Hybrid cold/hot data ratio non disk size dependent

  • 28 July 2020
  • 2 replies


Hello team,

I hope that someone can explain to me why, looking to sizer’s recommandations about hybrid configuations, SSD/HDD ratio is not size dependent but form factor dependent. Basically if you select 2 SSD and 3.5”HDD then a minimum 1:1 ratio is possible (SSDx2 + HDDx2) but if you have have SSDx2 and 2.5” HDD then the minimum ratio is 1:2 (SSDx2 + HDDx4).

Is it because 3.5” HDD SAS or SATA are usually faster than 2.5”? It’s not about size or hardware vendor, recommandations seems to changes according to the disks form factor only

This topic has been closed for comments

2 replies

Userlevel 6
Badge +5

It is difficult to illustrate without seeing the sizer scenarios. Generally speaking, for SSD/HDD hybrid nodes, the Nutanix rule is always 1:2 SSD to HDD ratio to allow for sufficient I/O to destage from the flash tier. The smallest ROBO nodes are the exception, allowing for 2 SSD and 2 HDD to provide additional flash tier resilience to these remotely deployed nodes, and because their workloads do not commonly generate significant I/O.

There are few exceptions to this rule where a 1:1 SSD to HDD ratio is allowed (Dell XC, Lenovo HX, Fujitsu XF platforms due to the number of drive slots) however there are additional considerations regarding the CPU to accommodate the solution. While such configurations are viable and have their uses they are suboptimal for the majority of scenarios.

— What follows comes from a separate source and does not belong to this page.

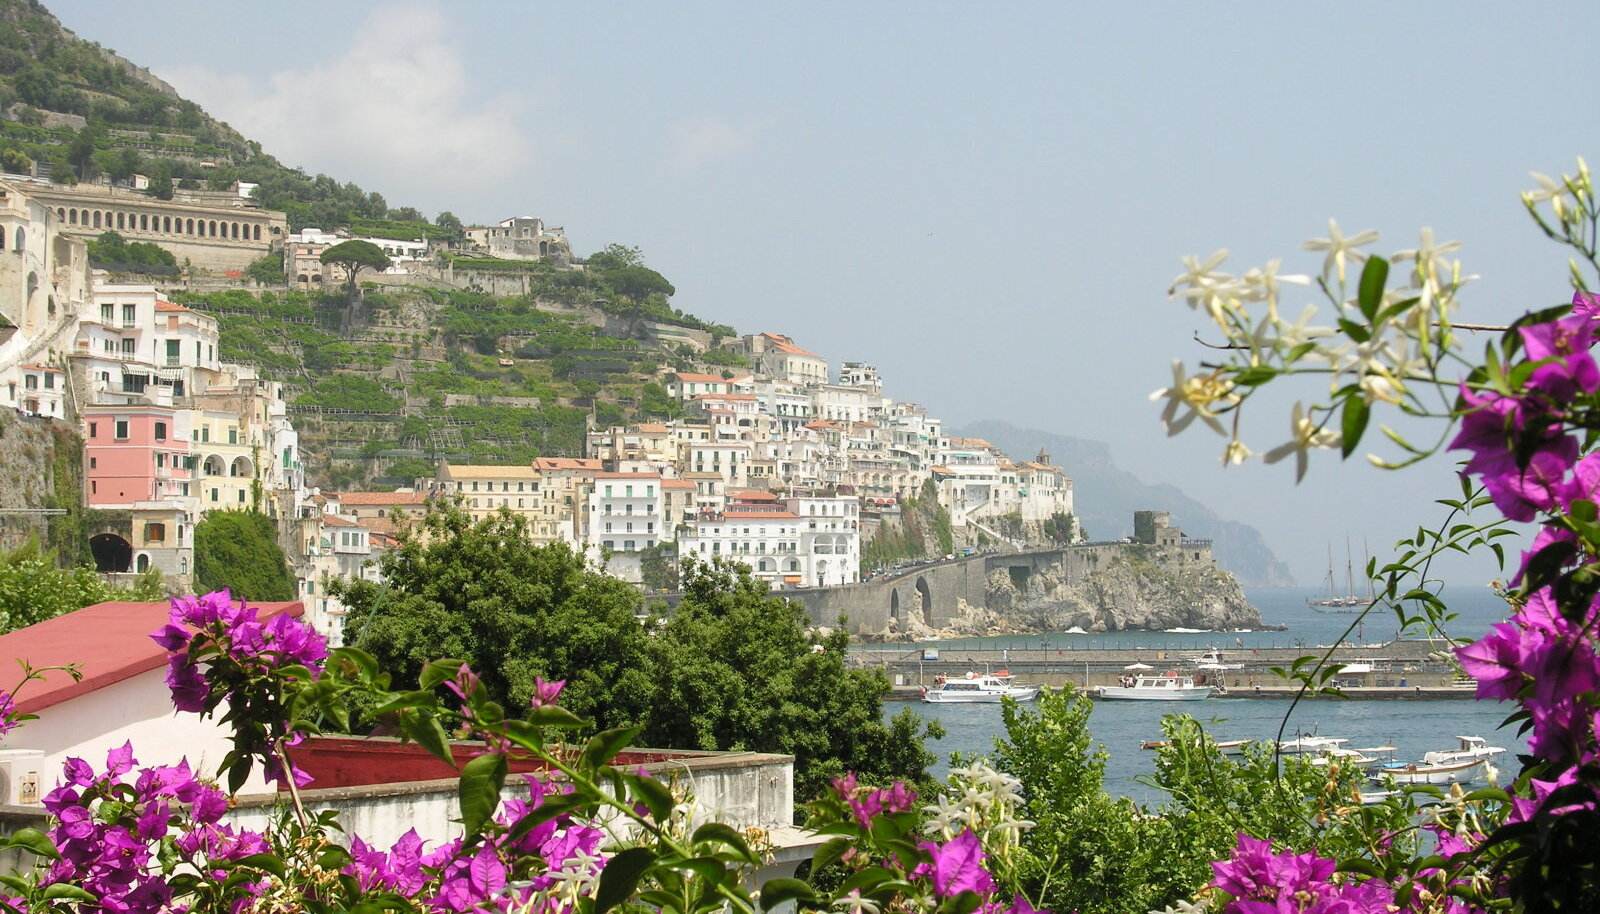 Amalfi rannik
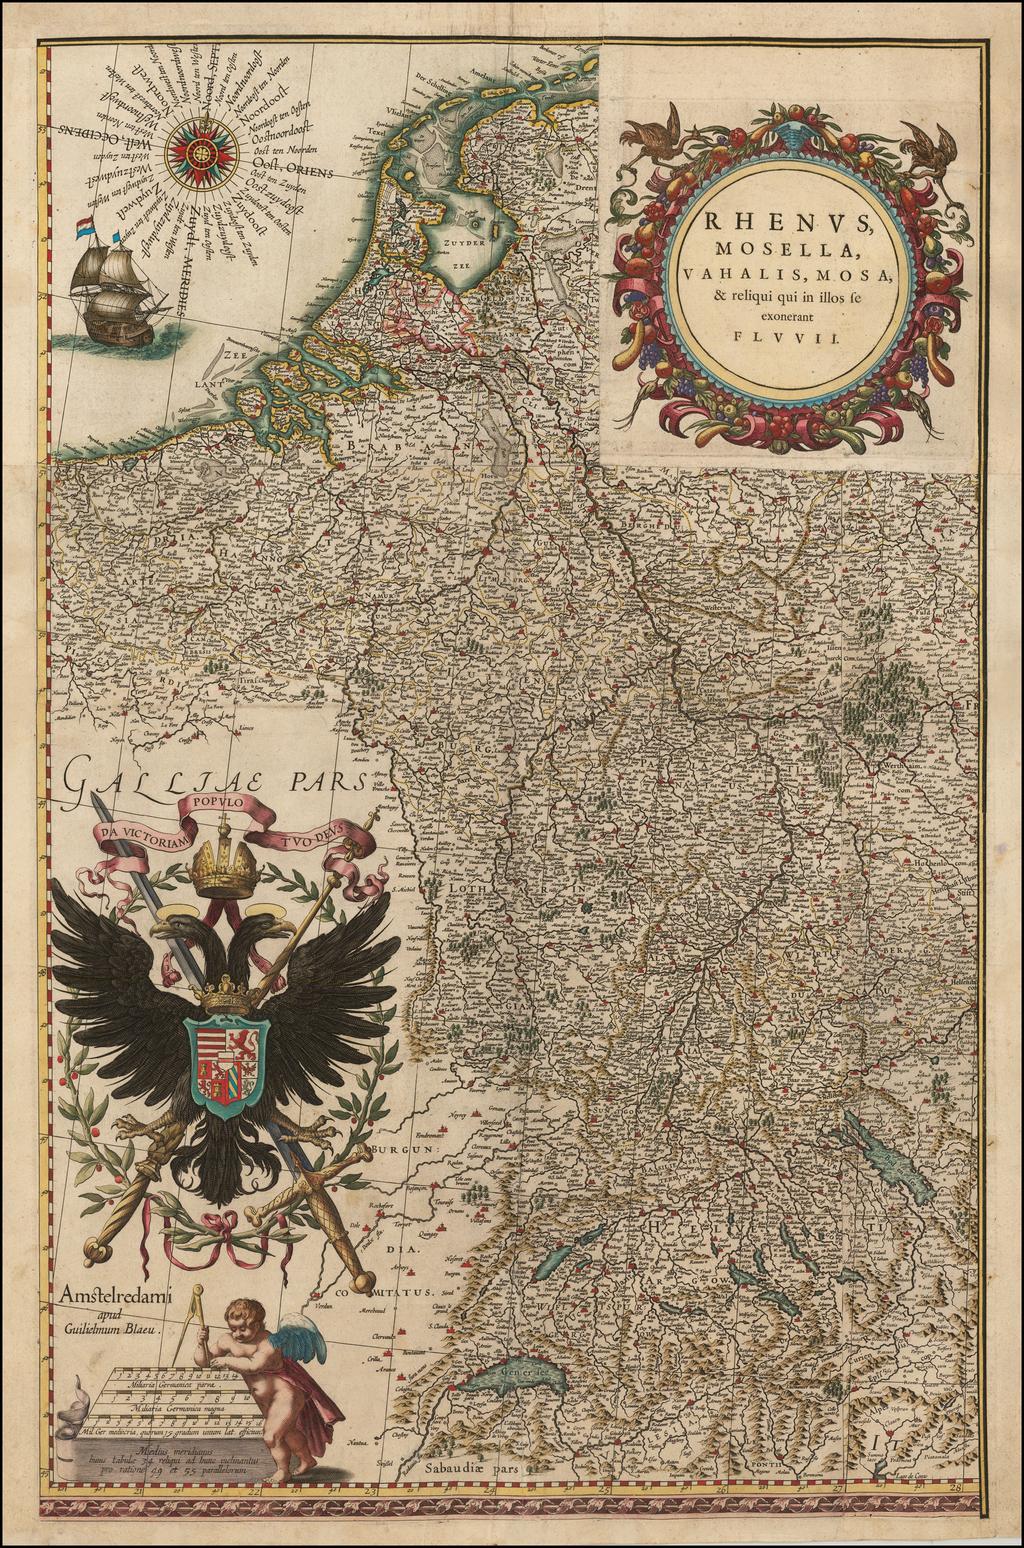 Rhenus, Mosella, Vahalis, Mosa & reliqui qui se exonerant fluvii By Willem Janszoon Blaeu

I would suggest to reach out to Nutanix Software Engineer for a quality conversation on the subject.



Hello Alona,

so there is not a golden rule for SSD/HDD ratio but the general rule is 1:2. I asked because some platforms are certified starting from 1:1, not just in the Robo's scenarios, for example the DX360 LFF. The same platform in the SFF form requires 4 HDD, with any CPU or memory size.

I think you're 100% correct when you point out to I/O because restaging from hot to cold requires fast mechanical disk, usually the certified ones are 10.000 rpm SAS, and 4 disks perform better togheter than 2 because the load can be distributed to every single disk.

I'd be interesting to discuss the matter, how can I reach out a software engineer?